People who always keep their eyes closed are terrifying once they open them!

Team Rocket hurriedly slapped their own faces, forcing themselves not to look at Brock.

Brock: "?"

After all that, Ash finally realized the priority.

"Hey, Team Rocket! Release the Butterfree right now!"

Jessie shot back, "Huh? Why should we?"

"Because… catching Pokémon is wrong?"

Even as he said it, Ash's firm statement turned into a question.

"That's weird, kid," James said lazily.

"If catching your Electric Mouse is wrong, it's because it belongs to you."

"But these Butterfree are wild Pokémon. Why can't we catch them?"

"Didn't you catch that Metapod the same way?"

"You're hilarious, nya."

Their barrage of logic turned Ash's face red. He wanted to fire back—but didn't know how.

They were right.

Catching Pokémon was catching Pokémon. Why was it fine when he did it, but wrong when Team Rocket did?

"…That's different," Ash muttered weakly.

"I only caught one. You caught a hundred."

"Is that really a difference?" Jessie shrugged.

"If I like them, can't I just catch more?"

"I bet when you find a Pokémon you like, you'll try catching thirty of them at once."

"That's not true!" Ash shouted.

"I'd never catch thirty of the same Pokémon!"

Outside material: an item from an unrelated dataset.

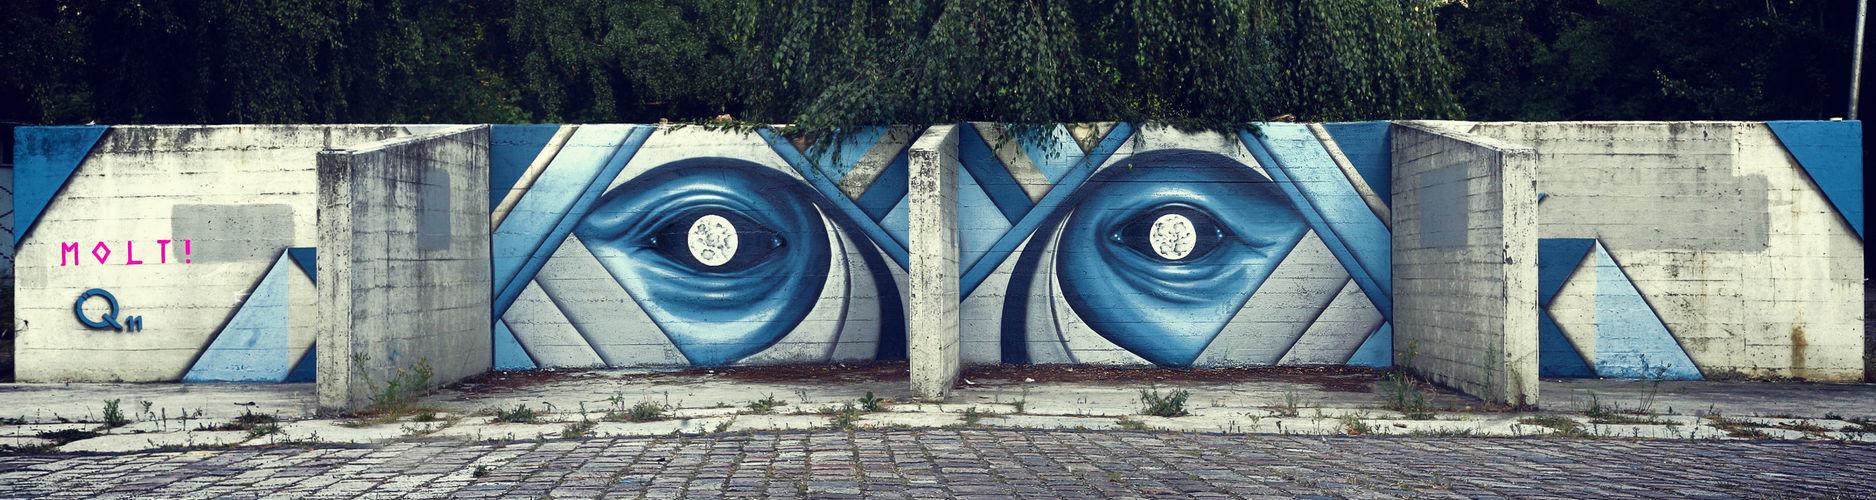 Œuvre Par Miguel Lomott à Berlin

Then—suddenly—he found his angle.

"We use Poké Balls. You use a giant net. That's illegal!"

"Idiot. Bug Catchers use nets all the time."

"Poké Balls and nets are both external tools. Why look down on nets?"

"Do you know how hard a bug-catching net works, nya?"

Ash: "..."

He hurriedly turned to the two veterans beside him for help.

This was verbal combat.

Naturally, it should be 3 vs 3!

Brock blinked his big eyes, puzzled.

"Well… it is twisted logic, but I honestly don't know how to refute it."

Misty frowned as well.

"Bug-catching nets really do work hard…"

Team Rocket had always been masters of trash talk.

Ash: "..."

When he finally came back to his senses, he realized something terrifying.

Why did it feel like this had turned into 5 vs 1?